Префект сообщил, что ответ из Мадрида удовлетворителен: ждать до 30 ноября парохода в Нью-Йорк. Объяснил, что это результат его заступничества, просил заходить к нему и быть «другом». Насчет заступничества сомнительно, – помогли, очевидно, мои телеграммы, ходы Депре и пр. Но почему собственно я нашел друга в кадикском полицеймейстере? Вот уж подлинно не знаешь, где найдешь, где потеряешь. «Друг» просил не писать ничего в газеты: я обещал. В конце концов, мои отношения с этими людьми в этой стране внеполитичны: я пью кофе со шпиком, префект числится моим другом, немецкий вице-консул – моим добровольным переводчиком.
Мадридская газета «Accion», требовавшая, чтобы меня не выпускали из тюрьмы, является консервативным органом, т.-е. примыкает к партии Мауры,[268] которого мой шпик рекомендует, как энциклопедического человека науки. Мауристы по существу германофилы, но выступают за нейтралитет, против республиканцев, которые за интервенцию, и против либералов, которые под флагом нейтралитета гнут в сторону Франции. Казалось бы, мауристы могли отнестись ко мне нейтрально, как к высланному из Франции «пацифисту». Но нет, их печать увидела во мне прежде всего «внутреннего» врага. Вступились за меня социалисты и отчасти левые республиканцы, – Кастровидо внес запрос в парламенте, – и те, и другие крайние франкофилы.
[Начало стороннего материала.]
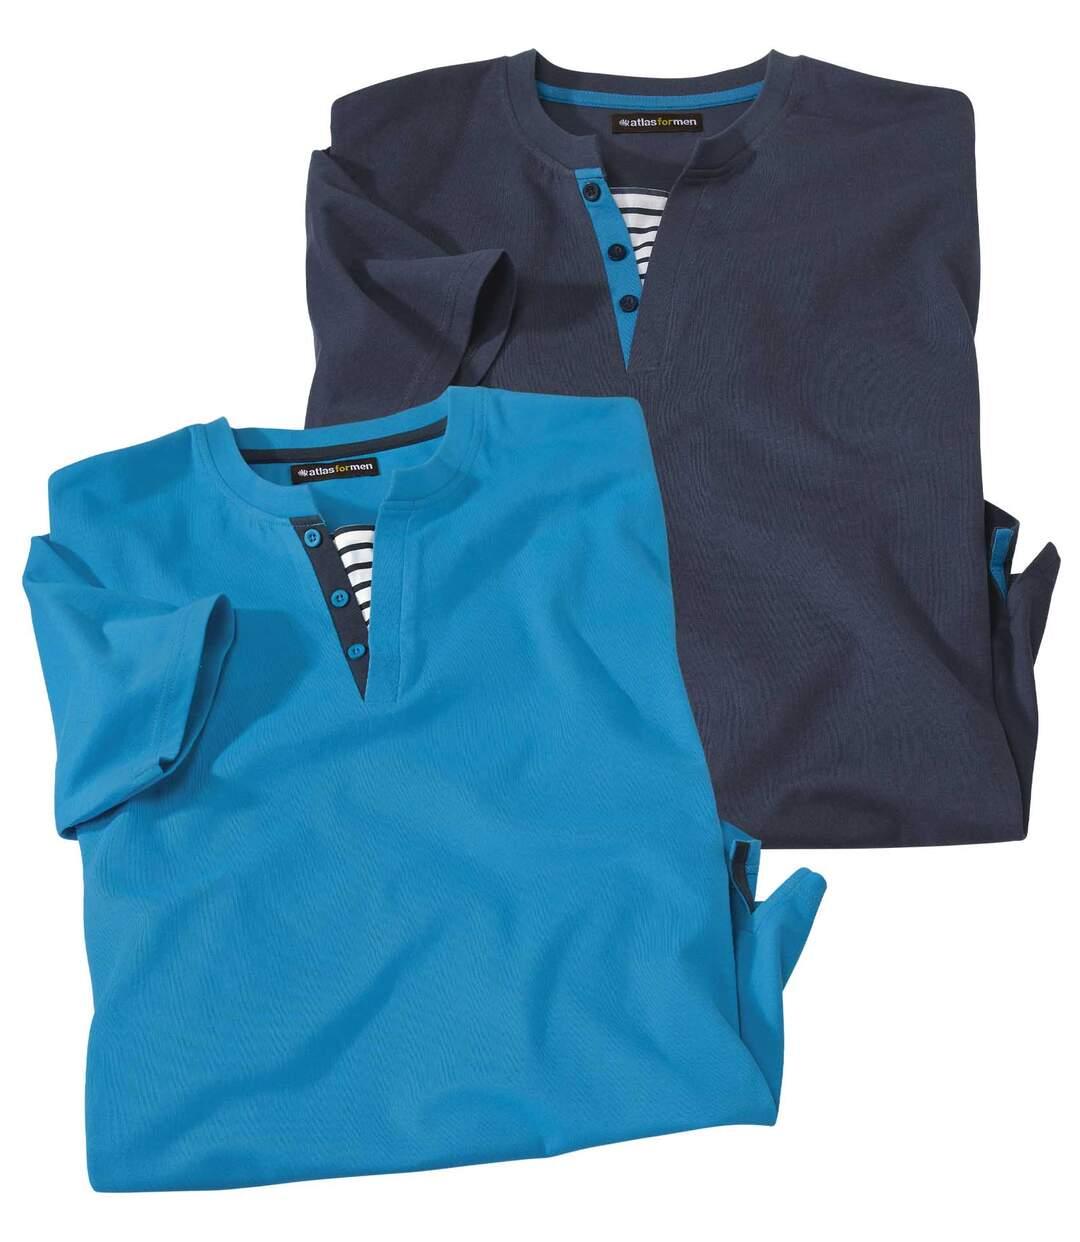 Set van 2 T-shirts Sailing

Таким образом, и у левых соображения внутренней политики оказались господствующими, как и полагается в нейтральной и достаточно провинциальной Испании.
Возвращались со шпиком. Он обращал по пути внимание мое на разные встречные вещи, потом перешел на телеграф и радостно сообщил, что существует уже беспроволочная передача: телеграммы идут просто по синему небу. Я поддержал эту мысль кивком головы.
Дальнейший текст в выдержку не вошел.